From accumulators to retirees and all those in between, investors are always looking for a roadmap revealing the path to market-beating returns. For long-term investors, we can look to one of the market’s worst kept secrets: value investing.

Value investors purchase stocks trading at a low price relative to its fundamentals in comparison to other securities in the same category. Cutting through the industry jargon, low relative price is synonymous with inexpensive stocks, and value investors believe that buying these inexpensive stocks will lead to outperformance versus buying expensive stocks. The figure below demonstrates that over time, regardless of region, inexpensive value stocks have outperformed not only their expensive growth counterparts, but also the broad markets.

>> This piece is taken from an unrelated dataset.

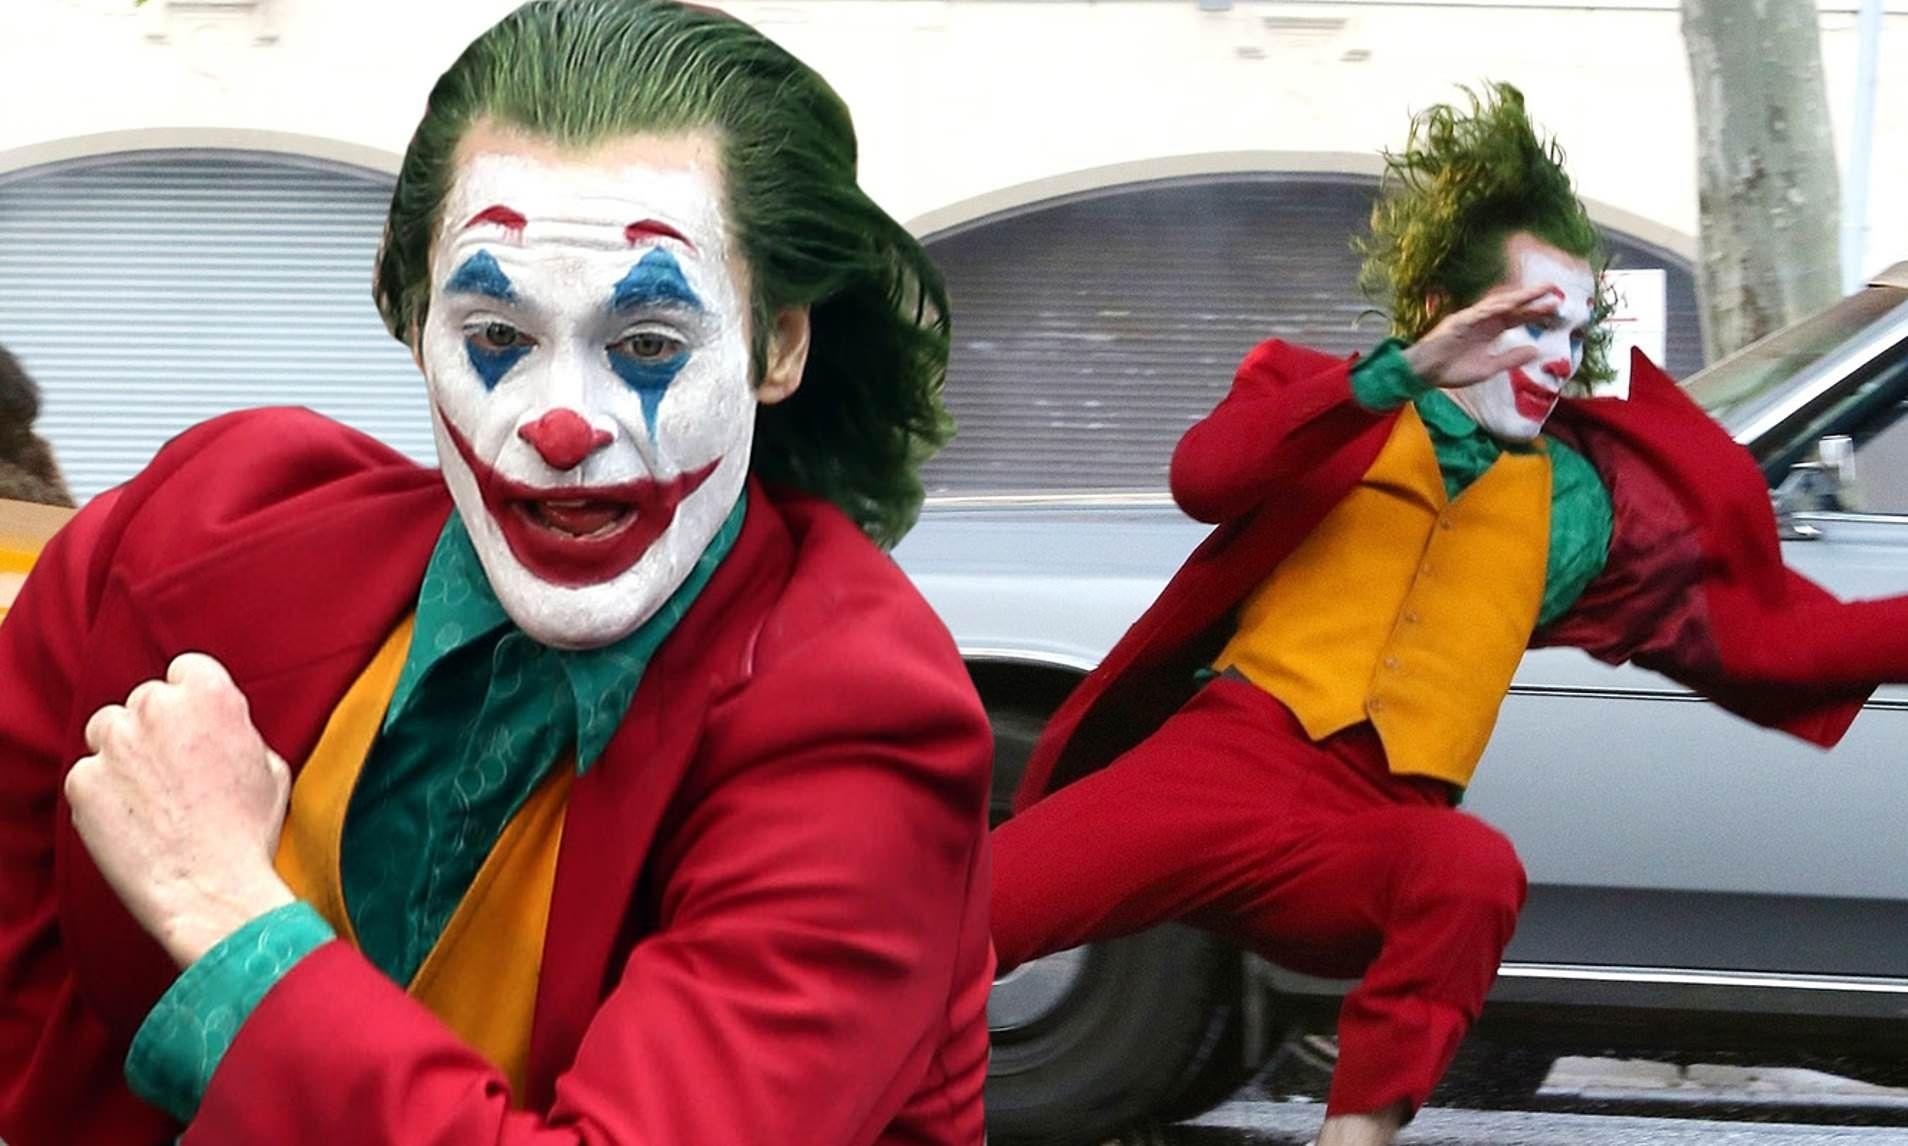 Joaquin Phoenix spotted in full costume as Joker running

Annualized Return Growth Core value investing

Just like dad’s “shortcuts” on family road trips, systematic value investing does not always work. Investors who want to earn the long-term premium associated with owning value stocks must be willing to stick with the strategy during periods of underperformance. Value stocks failed to outperform the broad U.S. market in rolling five-year periods since 1927 just over one-third of the time. Of course, the flip side is that value did outperform the broad market almost two-thirds of the time. It can be challenging for investors to look and feel different than the market. At one point, value stocks underperformed the broad market by an average of over 10% per year for five straight years – certainly a test of patience for long-term value investors. But as the figure above illustrates, investors who maintained an allocation to value stocks throughout their journey were rewarded with higher returns at the end of their trip.

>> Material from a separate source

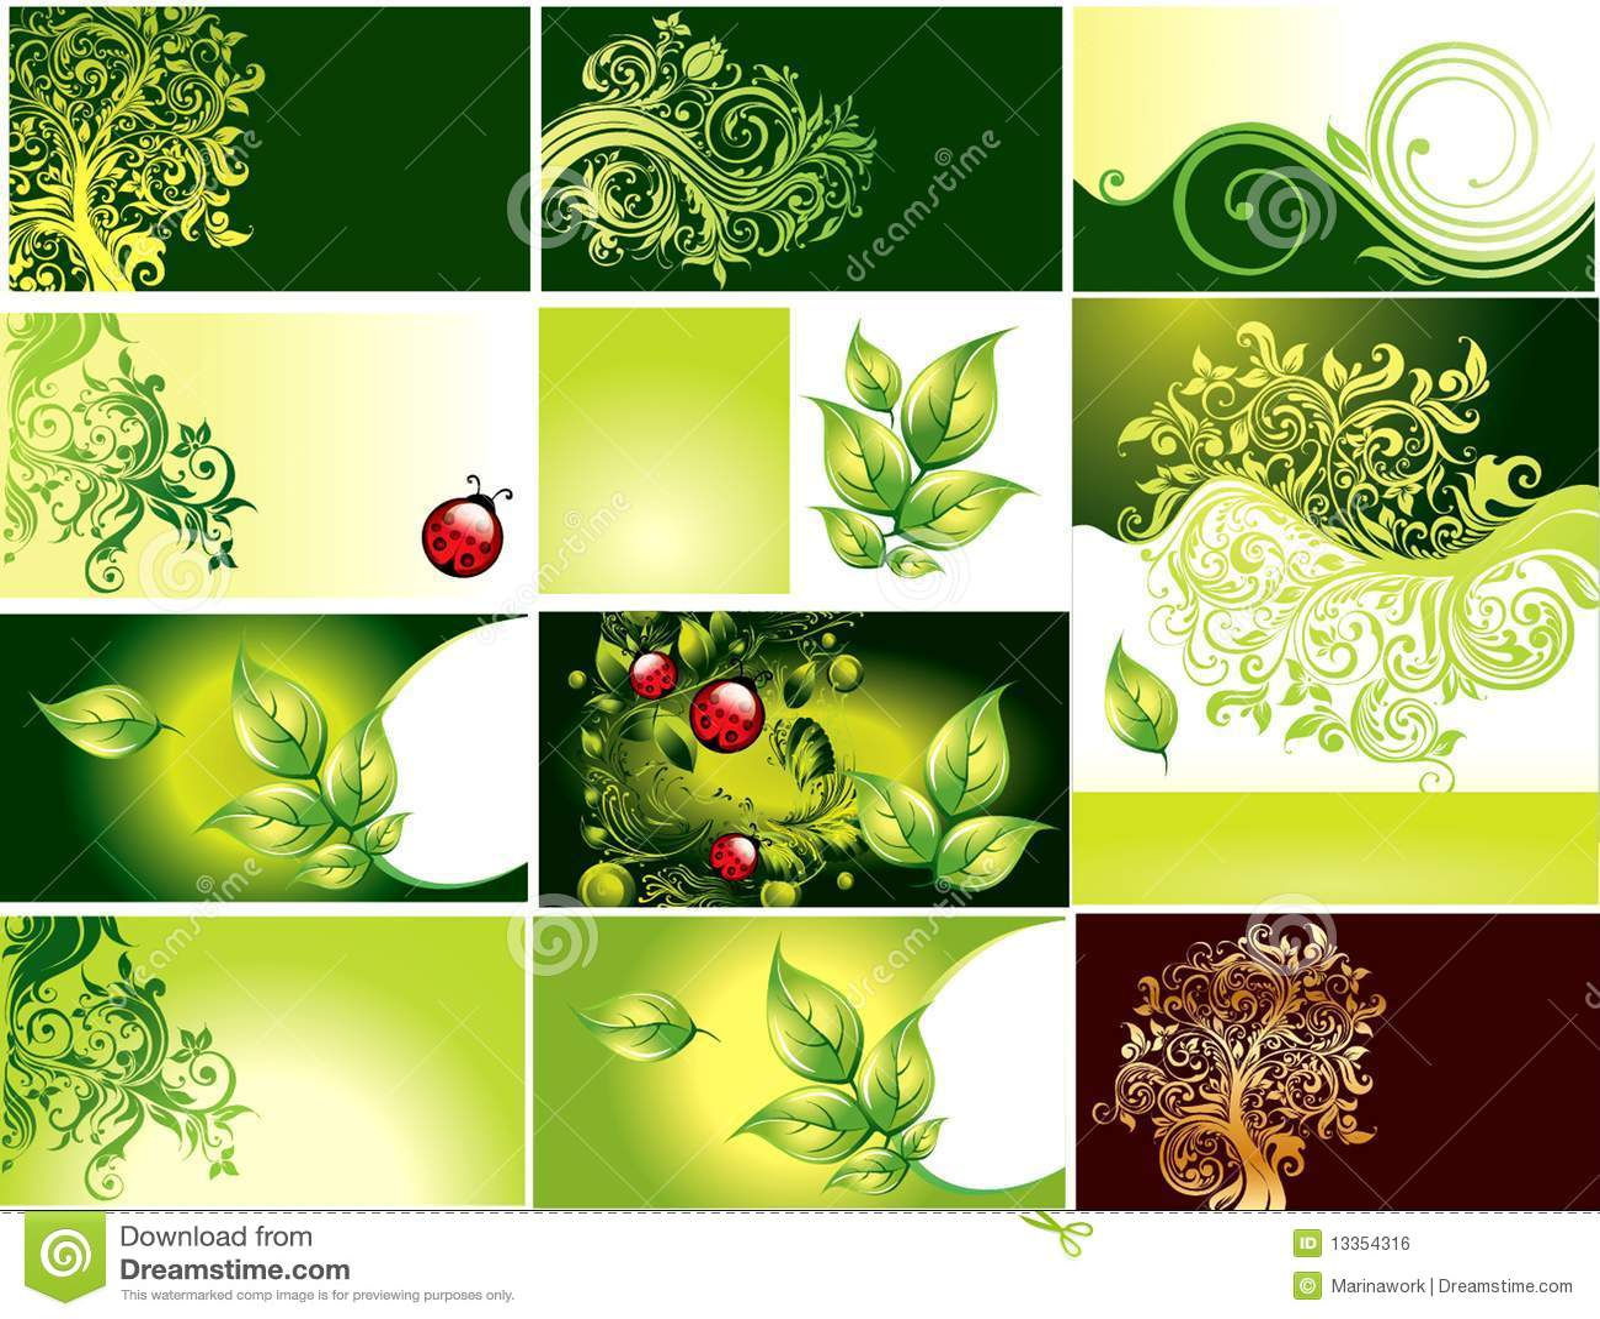 Placez La Carte De Visite Professionnelle Verte Avec Le Feuillage Vert

Now that 2020 has drawn to a close, rather than looking in the rear-view mirror, we find ourselves checking the side mirrors and looking out the front windshield to focus on what’s ahead. Value stocks are always less expensive than growth stocks, by definition. That said, value stocks today are historically cheap relative to their growth counterparts regardless of what country’s “map” we’re using. Frustratingly, this tells us nothing about what might happen in the near term. But history does demonstrate that periods of such “cheapness” are typically followed by strong relative returns of value relative to growth. We feel confident that a decade from now we will look back at this period as a rare and wonderful entry point for value investors. Capturing it will require investors to remain disciplined and steadfast in the years ahead.